What is the difference between Alzheimer’s and dementia?
Dementia is the word used to describe a set of symptoms. Symptoms tend to vary a great deal depending on different forms of dementia. Dementia can be caused by other diseases, Alzheimer’s being the most common. Other causes of dementia include vascular dementia, dementia with Lewy bodies and frontotemporal dementia. In some cases, dementia is thought to be caused by both Alzheimer's disease and either vascular dementia or dementia with Lewy bodies. You may hear this called mixed dementia.
Does dementia run in the family?
Dementia is most common in the elderly, so many of us will have a relative living with the condition, but this does not mean we will inherit it. Most of the time the genes we inherit from our parents will only have a small effect on our risk of dementia. In most cases our likelihood of developing dementia will depend on our age and lifestyle, as well as the genes we have.

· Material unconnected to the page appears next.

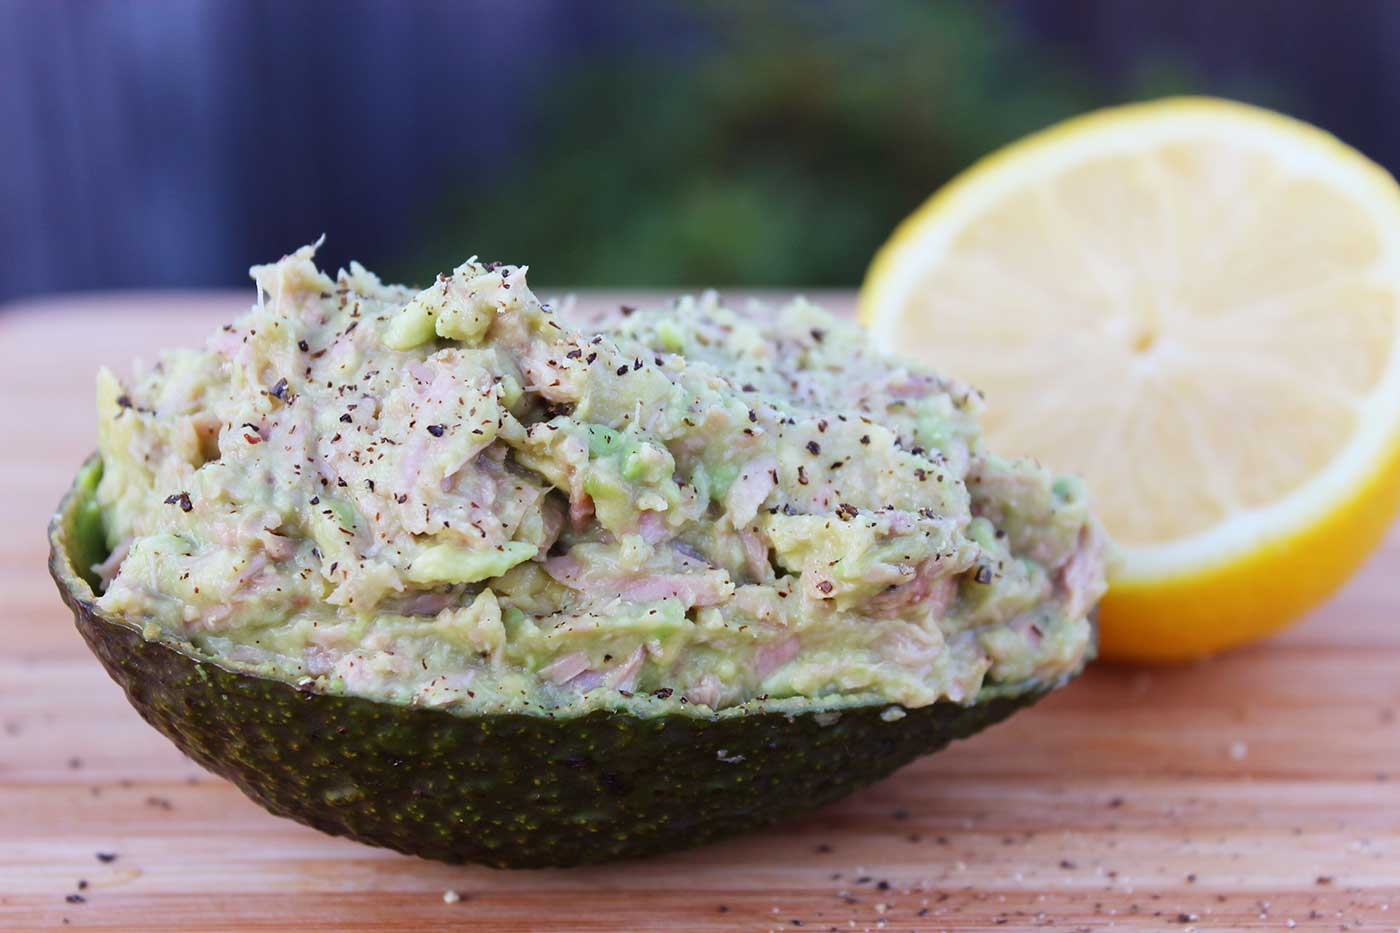 Tuna-Avocado-Lemon-Dip-Thermomix-Recipe

Are there more women than men with dementia?
Yes, in the UK, 61% of people with dementia are female and 39% are male. This is mainly due to the fact that women tend to live longer than men and as dementia becomes more common as we grow older, there are more women to develop the condition. Some studies are underway investigating whether men and women may have different risk factors for the condition.
Why isn't there screening for dementia?
At the moment, screening the general population for dementia is not recommended. This is mainly because there is no simple and accurate way to identify people with early dementia. In addition, there is not yet enough evidence to suggest that screening people who don’t have concerns about their memory is beneficial in the long term. Research is ongoing in this area.
How can I reduce my risk of developing dementia?
There is no sure way to prevent dementia, but we do know some of the risk factors for dementia and these can be changed. These risk factors are the same as for cardiovascular disease (like heart disease and stroke). By leading a healthy lifestyle and taking regular exercise you will be lowering your risk of these diseases and it’s likely you will lower your risk of dementia too. Studies suggest it may be particularly important to keep healthy in mid-life to help lower your risk of dementia.
To keep healthy:
- don’t smoke
- keep active and exercise regularly
- maintain a healthy weight
- eat a healthy balanced diet
- only drink alcohol within recommended limits
- control high blood pressure
- keep cholesterol at a healthy level.